Several years ago, I had a student named Deon in my Algebra 1 course who was taking the class for the fourth time. In previous attempts, Deon had made little to no effort and was far behind on credits for graduation. He was usually late to class, acted as if he didn’t care about school and often tried to put his head down instead of learning. Eventually, I was able to convince him to come in after school to work on his math skills. I found that Deon was a very quick learner, but lacked confidence. With some hard work, he started to find success. I got him connected with a mentor program working with my colleagues Carl Warfield and Laura Sloma. This support sparked Deon’s motivation, and he decided that he was going to graduate on time. Over the next three years, he approached his learning differently. He spent time with tutors, took after-school classes and frequently checked in with his mentors. He completed four years of classes in only three years, and became the first person in his family to graduate high school. I was so proud to hand Deon his diploma on graduation day. Deon is representative of the many students in Michigan schools who, when given the proper resources, can achieve great success.

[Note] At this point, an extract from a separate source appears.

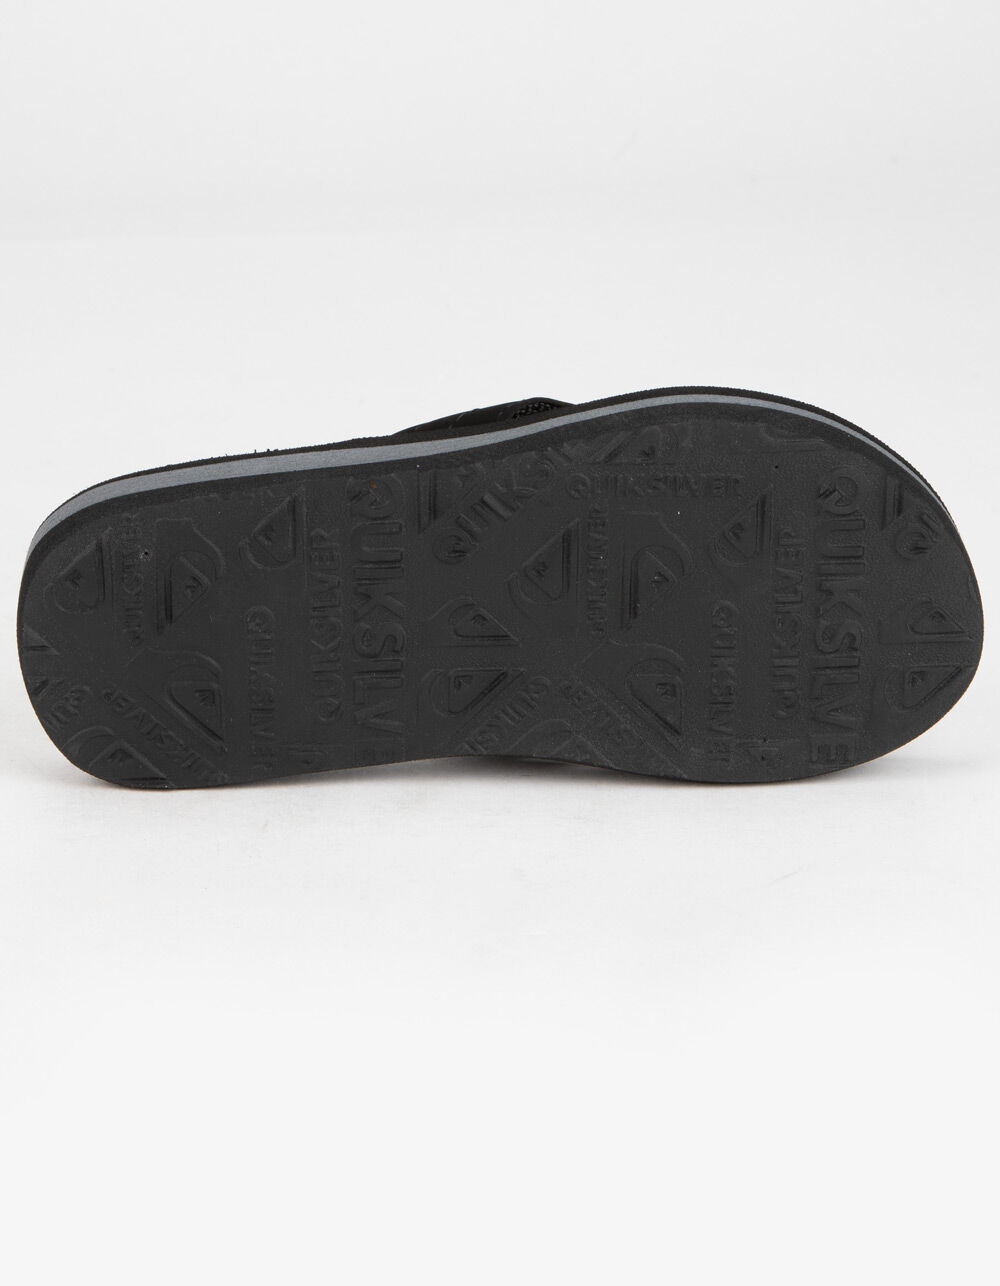 QUIKSILVER Carver Print Boys Sandals - BLACK COMBO | Tillys

Who would play you in the Oscar-bait inspirational movie about your class and what would the movie be called?
The actor would be Edward James Olmos. The movie would be called “Rise and Produce” and would be about the incredible story of a group of advanced placement (AP) math students that no one thought could pass the AP exam at the end of the year. The teacher dedicates countless hours to prepare the students, even spending time with them in the summer. The students take the exam at the end of the year and score are so high that the group is accused of cheating and is asked to retake the exam. The teacher accepts the challenge and, after a quick refresher course, the students take the exam a second time, with performance the same as the first time around. Maybe a better name would be “Stand and Deliver II.”
Do you have any words of advice for teachers (rookies or veterans)?
Yes: Become the teacher that students remember later in life. Teaching is a truly honorable profession, and we have the opportunity every day to inspire students towards fulfilling and successful lives. We must remember to keep this at the forefront of our daily work. Focus your time and energy on what really matters: inspiring and empowering students towards success. Get to know each of your students individually. Know what success looks like for them, and find ways to inspire and motivate them towards those goals. Hold them accountable, but always provide the support needed to help them reach success.